A difference between strong and weak acids is:
Negative and positive pH
Complete and partial ionisation
Proton donation and electron acceptance
none
Ans: A difference between strong and weak acids is complete and partial ionisation.
Which of the following is a buffer solution?
NaCl + NaOH
CH3COONa + CH3COOH
H2SO4+CuSO4
None
Ans: CH3COONa + CH3COOH is a buffer solution.
The ideal indicator for the titration of strong acid and weak base should have a pH range between:
7-8
8-10
5-8
4-6
Ans: 4-6 is the required pH range.
Find the concentration of HCl, if 10 ml of 0.5 M Ca(OH)2 is required to titrate 50 ml of HCl.

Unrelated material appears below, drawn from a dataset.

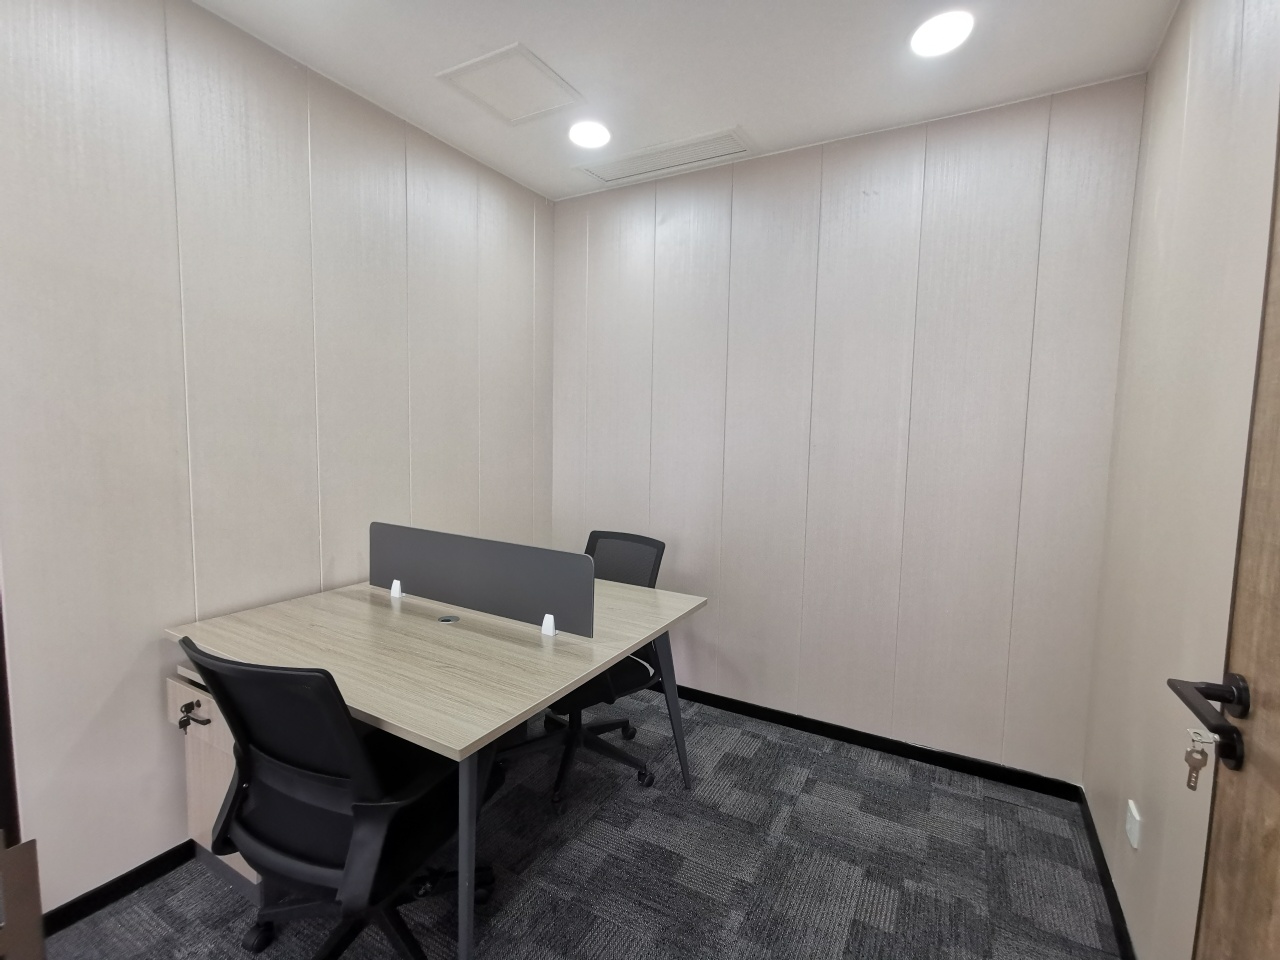 金牛区西门安格斯峰汇中心精装124平办公室 交通便利 配共享会议室

$\left [ \dfrac{1}{{10}} \right ]$ M
10 M
$\left [\dfrac{1}{5}\right ]$ M
5 M
Ans: $\left [\dfrac{1}{5}\right ]$ M is the required concentration.
Conclusion
From the above experiment, we can conclude that the pH of the solution decreases with the addition of 0.1 M HCl. The decrease in pH is slow in the beginning. After the addition of about 19.0 mL solution, the further addition shows a sharp fall in pH. After the sharp fall, the decrease in pH again becomes slow. The point where there is a sharp fall in pH (from about 10 to 3) corresponds to the equivalence point.

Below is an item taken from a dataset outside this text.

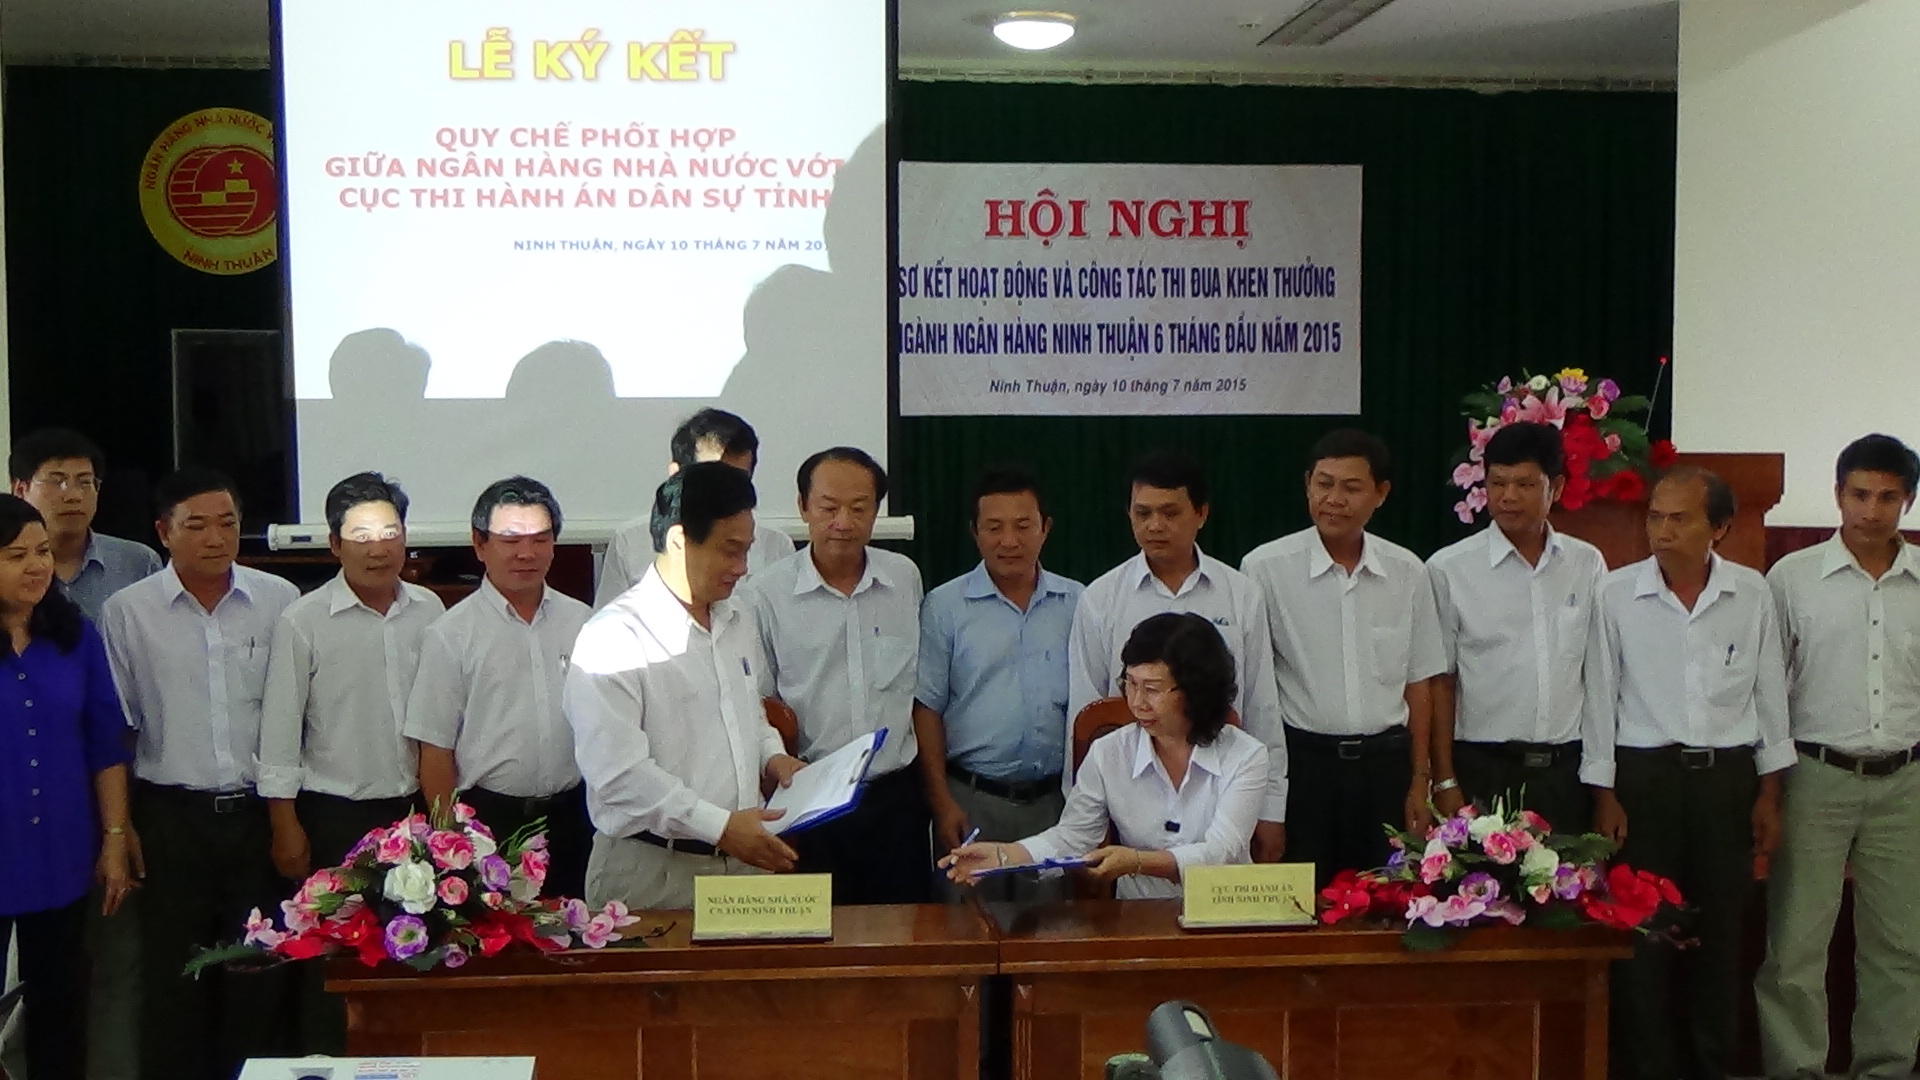 Cục Thi hành án dân sự tỉnh và Ngân hàng Nhà nước Việt Nam- Chi nhánh tỉnh Ninh Thuận tổ chức ký kết quy chế phối hợp trong công tác thi hành án dân sự

FAQs on Study of the pH Change in the Titration of [M/10] HCl with [M/10] NaOH using a Universal Indicator
1. What is the balanced chemical equation for the neutralisation reaction between hydrochloric acid (HCl) and sodium hydroxide (NaOH), and what is the expected pH at the equivalence point for the 2025-26 CBSE curriculum?
The balanced chemical equation for this neutralisation reaction is: HCl + NaOH → NaCl + H₂O. Since hydrochloric acid is a strong acid and sodium hydroxide is a strong base, they completely neutralise each other. The resulting salt, sodium chloride (NaCl), is neutral and does not hydrolyse water. Therefore, the pH at the equivalence point is exactly 7 (neutral) at 298 K.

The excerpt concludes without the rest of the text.